University justifies record-keeping practice by citing unclear state law
Southern Oregon University students who are cleared of sexual misconduct at the school do not have the accusation immediately expunged from their record.
The public university keeps a record of all accused students, not just those “found responsible,” for several years, an administrator confirmed to The College Fix.
Students are given the option of naming the person they are accusing on the sexual misconduct and equal opportunity report form: “This is not required but if you would like to leave a name we will keep it on file.”
“If a respondent to a complaint is found not responsible, the record is retained for five years,” Jody Waters, associate provost and director of graduate studies, told The College Fix via email.
Waters referred The Fix to Oregon Administrative Rule (OAR) 166-475-0110 (37), which governs Oregon public universities’ retention of records.
That administrative rule covers “violations of student conduct code and policies.” It mandates that records involving “suspension, unresolved incidents of academic misconduct and all other student conduct files” be destroyed after five years, the same length of time for which Southern Oregon University keeps innocent students’ names on file.
It is unclear if “all other student conduct files” as referenced by the Oregon state rule encompasses students who are accused of sexual misconduct but who are found not responsible. The Oregon Secretary of State’s office said that it is not involved in the school’s policy making or analysis when asked for comment by The Fix.
The College Fix reached out to Arnold Law firm in Oregon, which specializes in sex crime defense, but it did not respond for comment.

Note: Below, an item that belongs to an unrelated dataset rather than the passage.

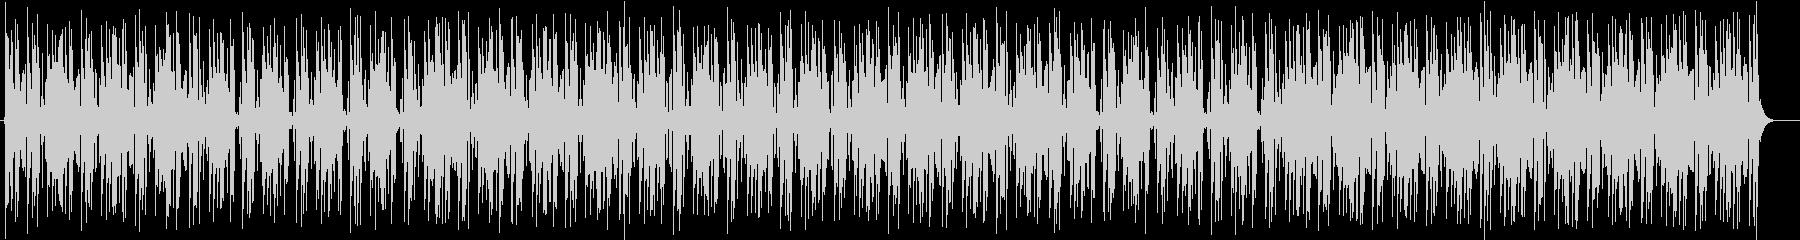 軽やかで涼しげなシンセサイザーサウンドの未再生の波形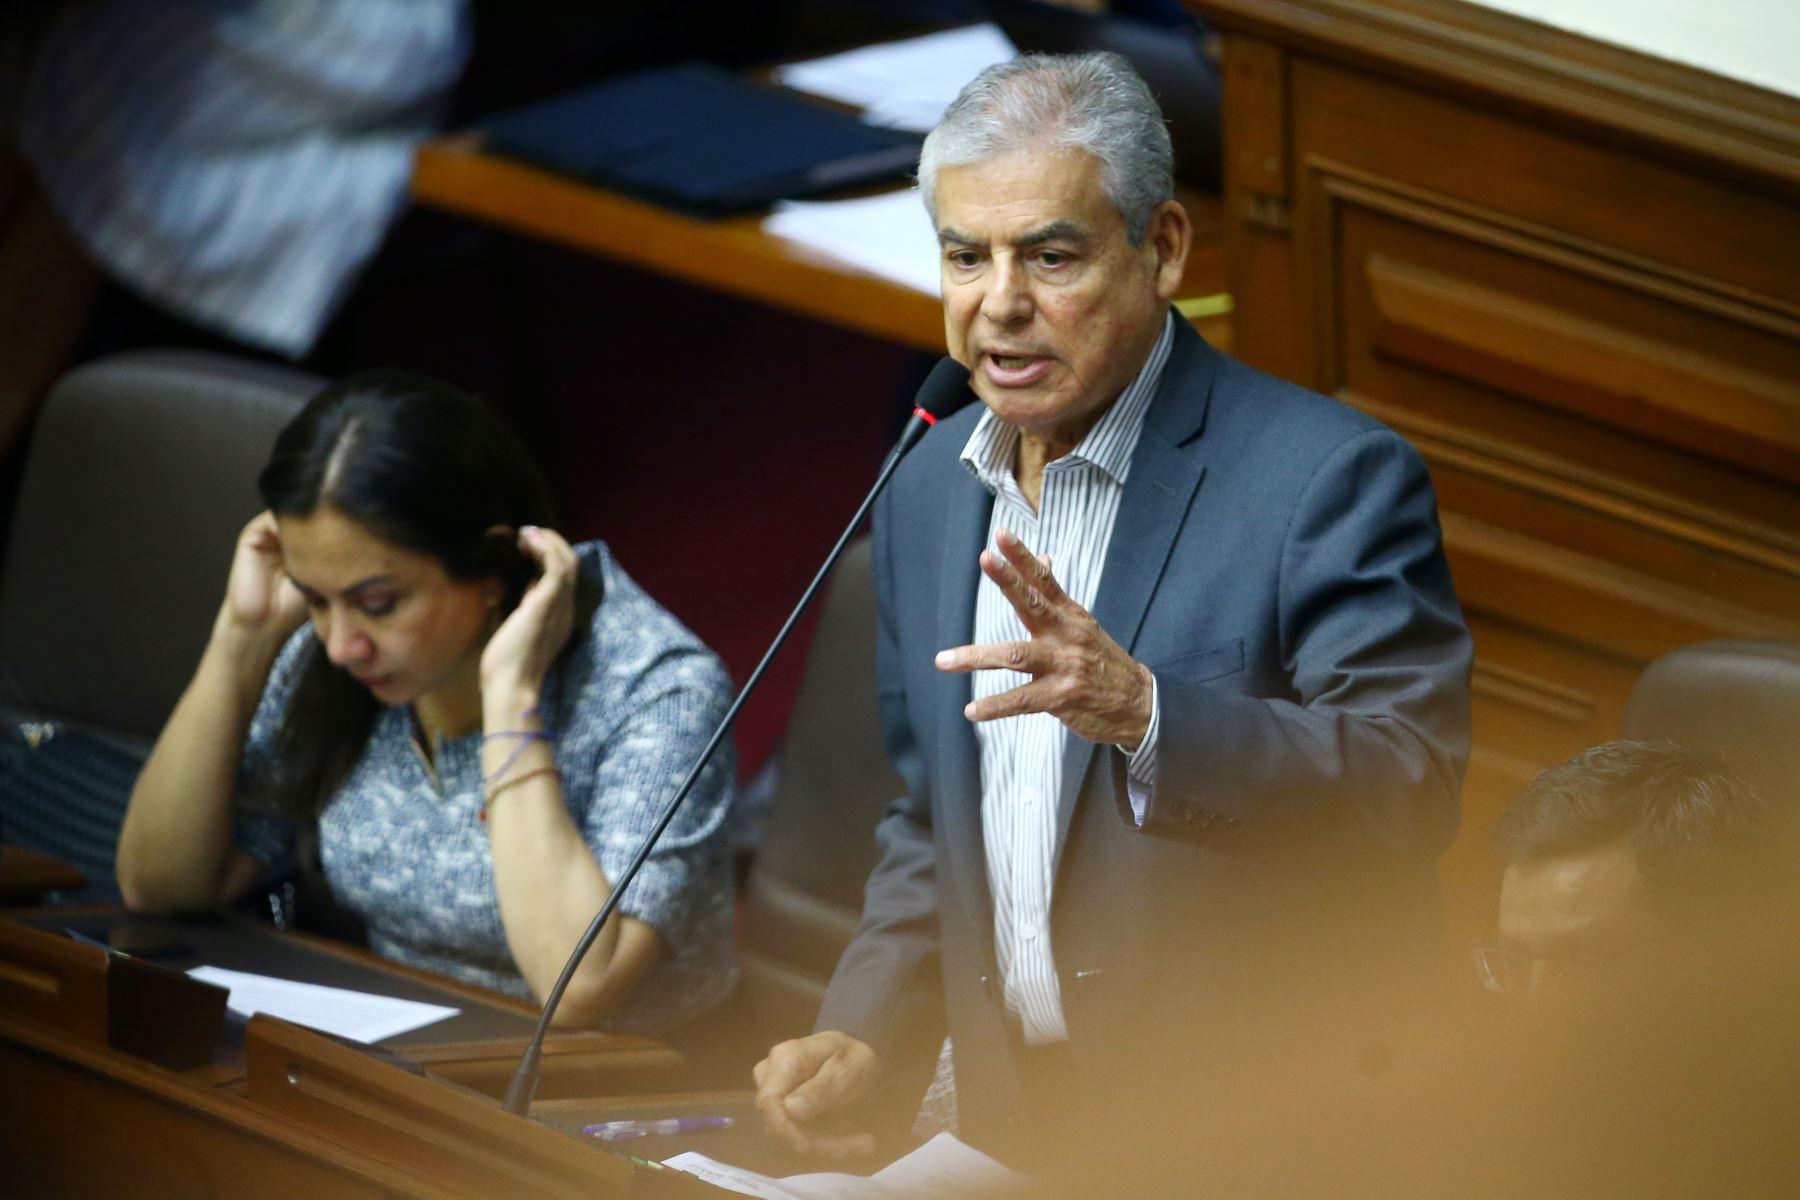 Cesar Villanueva durante su participación en el debate a la aceptación de la carta de renuncia del Presidente Kuczynski. Foto: ANDINA/Melina Mejía

The ACLU and American College of Trial Lawyers, which has called for more due process in campus sexual assault proceedings, also did not respond to repeated inquiries from The Fix.
Andrew Miltenberg, an attorney with the New York-based law firm Nesenoff & Miltenberg who was described by Newsweek as the “go-to attorney for students accused of sexual assault,” called the university’s recordkeeping policy “unusual” and “highly prejudicial.”
Being found not responsible for sexual misconduct is “not an unresolved incident of academic misconduct,” Miltenberg pointed out in a phone conversation with The Fix. “It’s prejudicial to retain a student’s name on file if they are found not responsible.”
Most universities that Miltenberg has dealt with, he told The Fix, do not follow such administrative practices.
“It would certainly compromise a student’s future,” Miltenberg said, “if over the next five years a student’s academic record maintains such a mark.” Such schools, he said, are engaging in “risk management” at the cost of students’ reputations.
The Fix also reached out to the National Association of College and University Attorneys for comment on the policy.
“Southern Oregon University is one of NACUA’s member institutions,” said Craig Alexander, a spokesman for the organization. “We can’t comment on a matter involving one of our member institutions.”
Universities continue to grapple with how to best handle sexual misconduct investigations.
Education Secretary Betsy Devos* recently rescinded Obama administration guidance on investigating campus sexual misconduct allegations last month, arguing that those “Dear Colleague” letters did not treat all students fairly.
The department then issued a question-and-answer document in its place while it conducts a review of Title IX compliance.